I suppose that was my curiousity. No one addressed the technical issue I raised. Chromatographically speaking, what is the difference between re-using a column and re-using a disk. Someone did broach the issue of particulates, but as long as the disk can maintain through-put, I don't think this effects it's separation efficiency since that will occur within the disk material not just on the disk surface.
So.... A disk is a small column. It's used in a way that loading capacity and breakthrough volume are additional critical parameters.
In a regulated environment we have to demonstrate, in each batch ( sequence ), that the instrument, including column, are still suitabile for the initended purpose by using a system suitability requirement. Usually, that involves some measurement of separation ability, detection ability, and precision, and comparing those to previously-established limits. Your small column is going to require that test as well...
There is no reason why you could not validate the reuse of SPE disks, and provide data to show that a certain number of reuses does not compromise the analysis. The obvious way is to add an internal standard or a surrogate to some of your yucky samples, and establish recovery limits.
However, given the minor detail that your analysis apparently needs them for some reason, you are going to have to show that the reuse does not compromise the analysis in all cases, and any system suitability test is going to be a lot of nausea, given that each SPE filter is going to have a unique history, just like an HPLC column. Some clean samples, some dirty samples....

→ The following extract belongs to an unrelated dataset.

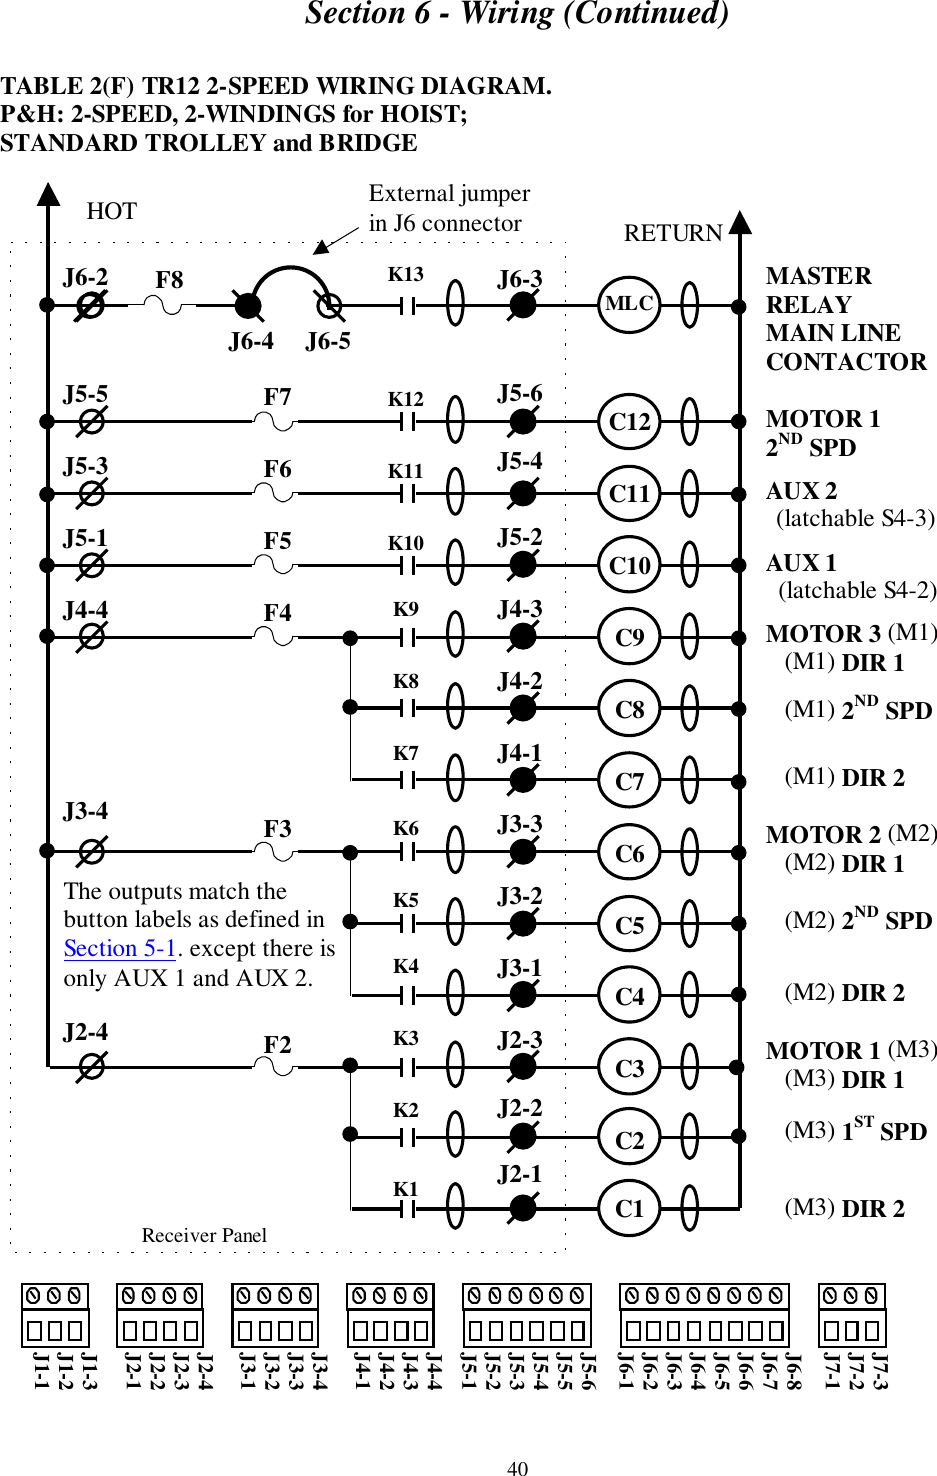 Section 6 - Wiring (Continued)40TABLE 2(F) TR12 2-SPEED WIRING DIAGRAM.P&amp;H: 2-SPEED, 2-WINDINGS for HOIST;STANDARD TROLLEY and BRIDGEMASTERRELAYMAIN LINECONTACTORMOTOR 12ND SPDAUX 2  (latchable S4-3)AUX 1  (latchable S4-2)MOTOR 3 (M1)   (M1) DIR 1   (M1) 2ND SPD   (M1) DIR 2MOTOR 2 (M2)   (M2) DIR 1   (M2) 2ND SPD   (M2) DIR 2MOTOR 1 (M3)   (M3) DIR 1   (M3) 1ST SPD   (M3) DIR 2     Receiver PanelJ6-2J5-5J5-3J5-1J4-4J3-4J2-4J6-3J5-6J5-4J5-2J4-3J4-2J4-1J3-3J3-2J3-1J2-3J2-2J2-1HOT RETURNK13K12K11K10K9K8K7K6K5K4K3K2K1MLCC12C11C10C9C8C7C6C5C4C3C2C1F7F6F5F4F3F2J7-3J7-2J7-1J6-8J6-7J6-6J6-5J6-4J6-3J6-2J6-1J5-6J5-5J5-4J5-3J5-2J5-1J4-4J4-3J4-2J4-1J3-4J3-3J3-2J3-1J2-4J2-3J2-2J2-1J1-3J1-2J1-1External jumperin J6 connectorJ6-4     J6-5F8The outputs match thebutton labels as defined inSection 5-1. except there isonly AUX 1 and AUX 2.

My suggestion would be review the use of SPE, can you achieve the same results by some other technique ( centrifuge, solvent ), or by using smaller/cheaper SPE filters?. Maybe you are driving a Rolls Royce, when a Mini would suffice?.
However, you have to review the cost-benefit of all proposed changes, probably excluding the attractive option of killing the regulators and their agents. You may be surprised at the labour v consumable components of proposals.